Depreciation on fixed assets has been charged using Straight Line Method at the rates and in manner prescribed in Schedule XIV to the Companies Act, 1956.

6. Employee Benefits:

Defined Contribution Plans

Companys contributions paid/payable during the year to Provident Fund are charged to the Profit & Loss Account on accrual basis.

Defined Benefit Plans

Companys liabilities towards gratuity being post employment benefit and leave encashment being other long term benefit are determined actuarially using the projected unit credit method which considers each period of service as giving rise to an additional unit of benefit entitlement and measures each unit separately build up the final obligation. Past service costs are recognized on straight line basis over the average residual period until the amended benefits become vested. Actuarial gain and losses are recognized immediately in the Statement of Profit and Loss Account as income or expense. Obligation is measured at the present value of estimated future cash flows and the gross obligation is duly adjusted by the fair value of plan assets on reporting date..

7. Foreign Currency Transactions:

(a) Foreign Currency transactions are recorded at the exchange rate as of the date of the respective transactions.

(b) In the case of monetary assets and liabilities denominated in foreign currency, the exchange rate prevalent on the Balance Sheet date is applied to restate such assets and liabilities. Exchange differences arising on restatement of foreign currency assets and liabilities are recognized as income or expenditure in Profit & Loss Account.

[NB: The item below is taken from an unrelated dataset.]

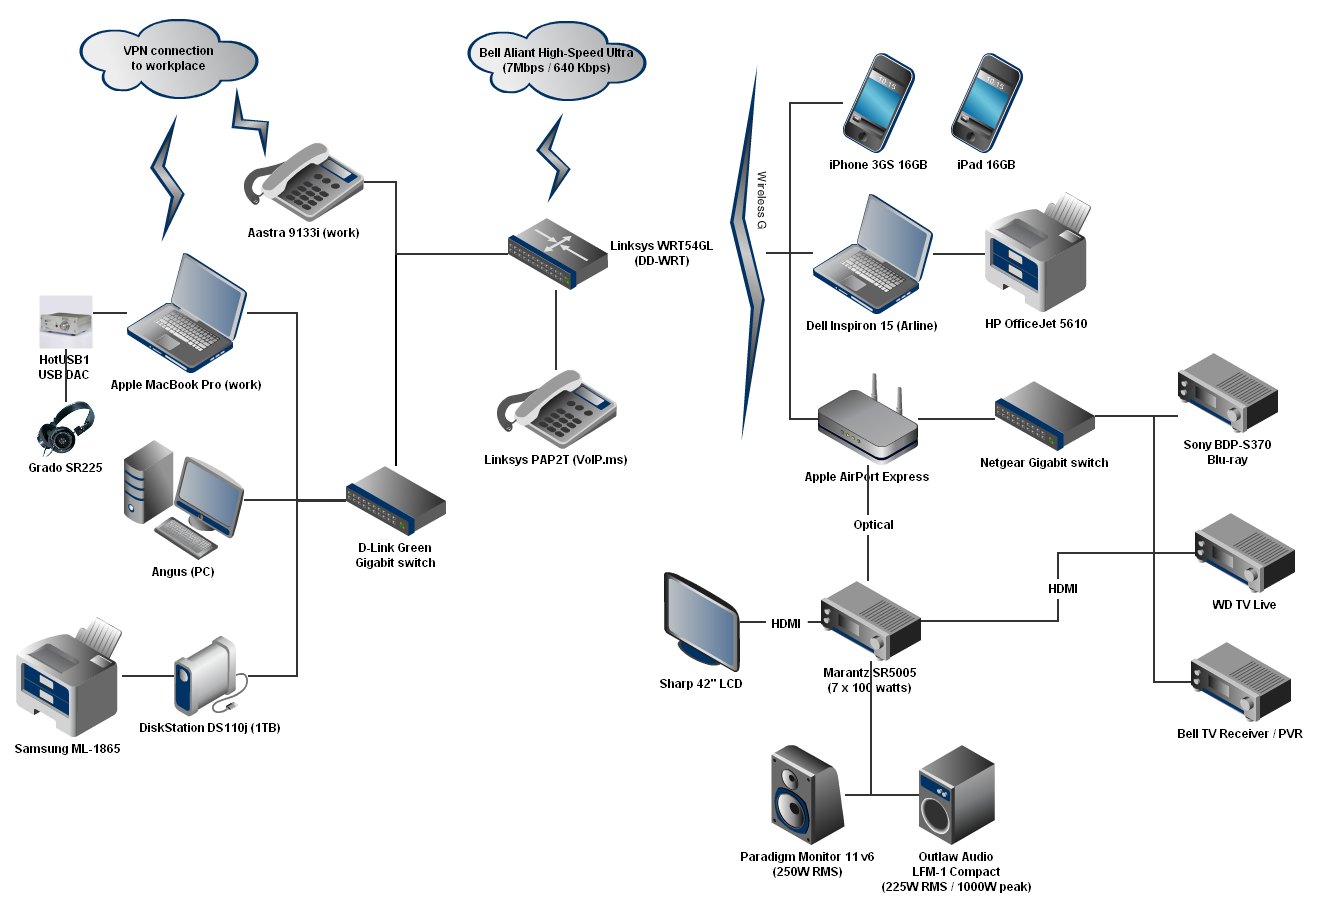 Home network/multimedia topology

8. Income Tax and Deferred Taxes:

Current tax is determined as the amount of tax payable in respect of taxable income for the year. Deferred tax is measured, based on the tax rates and tax laws enacted or substantively enacted at the Balance Sheet date. Deferred tax is recognised, subject to consideration of prudence, on timing differences, being the difference between taxable income and accounting income that originate in one period and are capable of reversal in one or more subsequent periods. Deferred tax assets arising on account of unabsorbed depreciation or carry forward of tax losses shall be recognized only when there is a virtual certainty supported by convincing evidence that sufficient future taxable income will be available against which such deferred tax assets can be realized

9. Contingent Liabilities:

(a) Provisions are recognised in accounts in respect of present probable obligations, the amount of which can be reliably estimated.

(b) Contingent liabilities are disclosed in respect of possible obligations that arise from past events but their existence is confirmed only by the occurrence or non-occurrence of one or more uncertain future events not wholly within the control of the Company.

10. Segment Reporting

The Company is working on Development, Construction of Multiplexes cum Malls & Hotels.

11. Earning per Shares:

(a) Basis earning per share is computed by dividing net income by the weighted average number of common stock outstanding during the period.

(b) The number of shares used in computing diluted earnings per share comprises the weighted averages shares considered for deriving basis earnings per shares, and also the weighted average number of equity shares that could have been issued on the conversion of all dilutive potential equity shares. The diluted potential equity shares are adjusted for the proceeds receivable, had the shares been actually issued at fair value (i.e. the average market value to the outstanding shares). Diluted potential equity shares are deemed converted as of the beginning of the period, unless issued at the later date.

12. Impairment of assets:

Management periodically assesses using external and internal indications whether there is an indication that an asset may be impaired. Impairment occurs where the carrying amount exceeds the present value of future cash flows expected to arise from the continuing use of the asset or its eventual disposal. The impairment loss to be expensed is determined as the excess of the carrying amount over the higher of the assets net sale price or present value as determined above.